Своими рассуждениями я пытался помочь комиссару понять, почему я все
время так путаюсь и сбиваюсь. А он смотрел на меня, слушал и не возражал.
- Давайте все-таки перейдем к причине содеянного, - сказал он наконец и
склонился над своей старой "Оливетти", подпрыгивавшей на столике. - Что это
были за капли? (Ангелы дули в свои трубы и, чтобы запутать нас еще больше,
пели хором.) "...Действовал и здравом уме и ясной памяти, запятая, с
определенной целью, без побуждения со стороны жертвы и не под влиянием
алкогольных напитков. По поводу последнего предположения нижеподписавшийся
заявил, что он вообще непьющий".
- В тот день поднялся сильнейший ветер, - рассказывал я, - горячий
ветер, образующийся от смешения воздушных потоков, пересекающих знаменитую
пустыню Сахару и устремляющихся к зоне пониженного давления над
Средиземноморьем. Сирокко - разбойный ветер, - говорил я, прислушиваясь к
хору и к музыке, лившейся с потолка и заглушавшей стук клавиш по листу
бумаги и хриплый голос комиссара. - Выбрав подходящий момент и удобное
место, - говорил я, - и сконцентрировав всю свою волю...
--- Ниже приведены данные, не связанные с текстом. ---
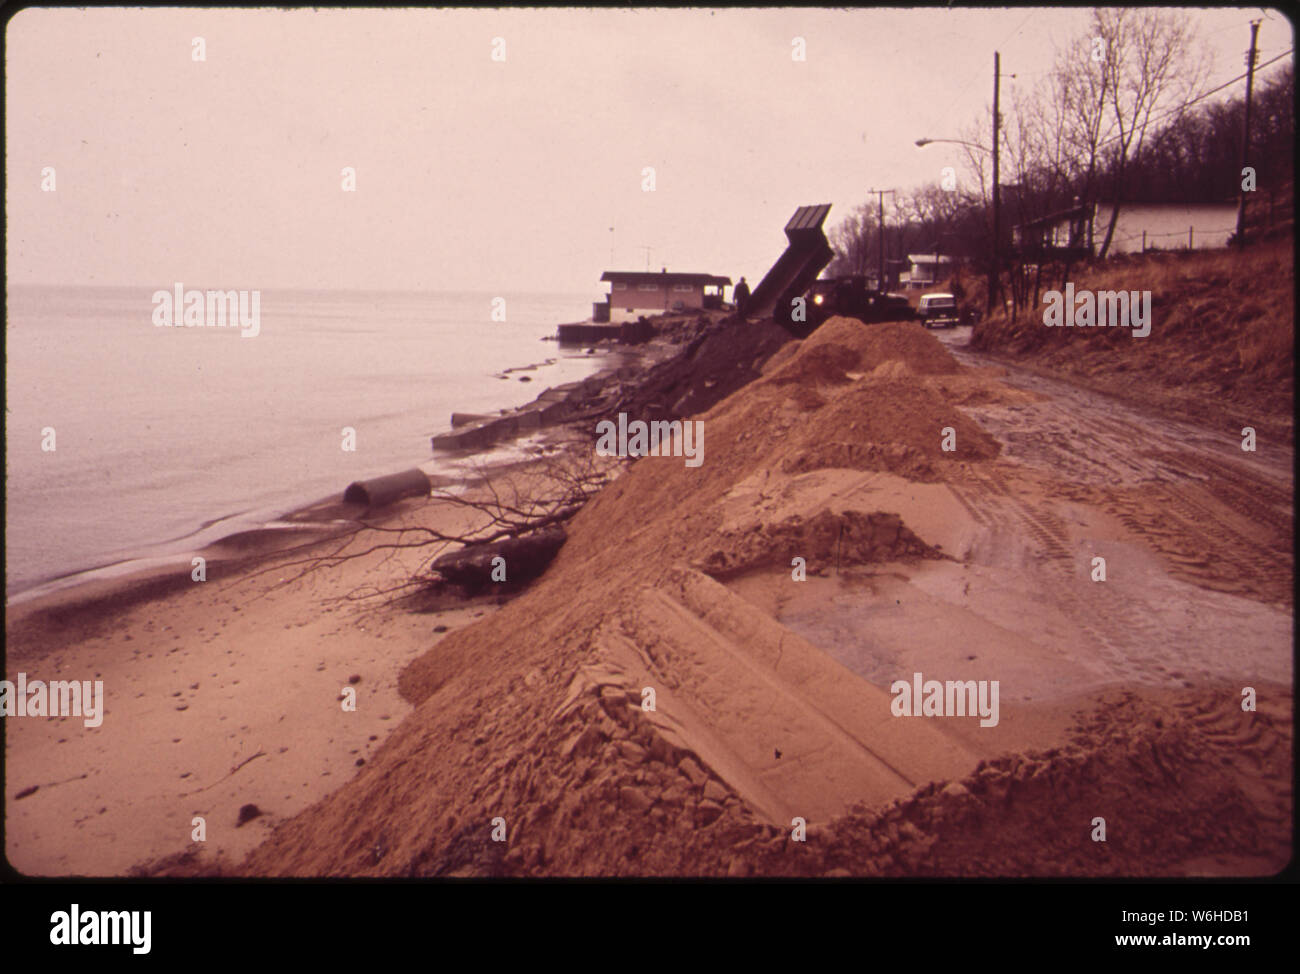 HOUSE IN BACKGROUND IS THREATENED BY BEACH EROSION. U.S ARMY CORPS OF ENGINEERS PROVIDED DIRT BULWARK IN FOREGROUND Stock Photo

- Если бы было возможно то, о чем говорите вы, наступил бы конец света,
- заметил комиссар.
- А как же тогда беспроволочный телеграф? - сказал я. - Слова летают по
воздуху на магнитных волнах, и никого это не удивляет. Сколько веков прошло,
прежде чем в один прекрасный день стали летать и слова. Они же не созданы
для того, чтобы летать, а вот летают. Ангелы летают или нет? - спросил я.
- Мы с вами составляем протокол, - сказал комиссар, отдуваясь, - зачем
вы мне все это говорите? Я никогда не видел, чтобы индийцы парили в воздухе,
как утверждаете вы. У вас есть доказательства? Вы-то сами их видели?
- Нет, я читал об этом в газетах.
- И вы верите тому, что пишут газеты? Ну ладно, давайте по порядку.
Началось описание жертвы: рост средний, волосы каштановые, глаза
голубые, цвет лица смуглый, или наоборот - глаза карие, а цвет лица светлый.
Комиссар перестал стучать на старой "Оливетти" и снова посмотрел на меня.
- Либо то, либо другое сказал он. Голубой цвет это же не карий.
- А может, голубой и не голубой вовсе. Каштановый - не каштановый, а
вообще никакой.
- Не понимаю, что вы имеете в виду, - сказал он, - но дальше так дело
не пойдет. Давайте придерживаться фактов.
- Прекрасно. Я читал газеты - хронику событий, случай за случаем.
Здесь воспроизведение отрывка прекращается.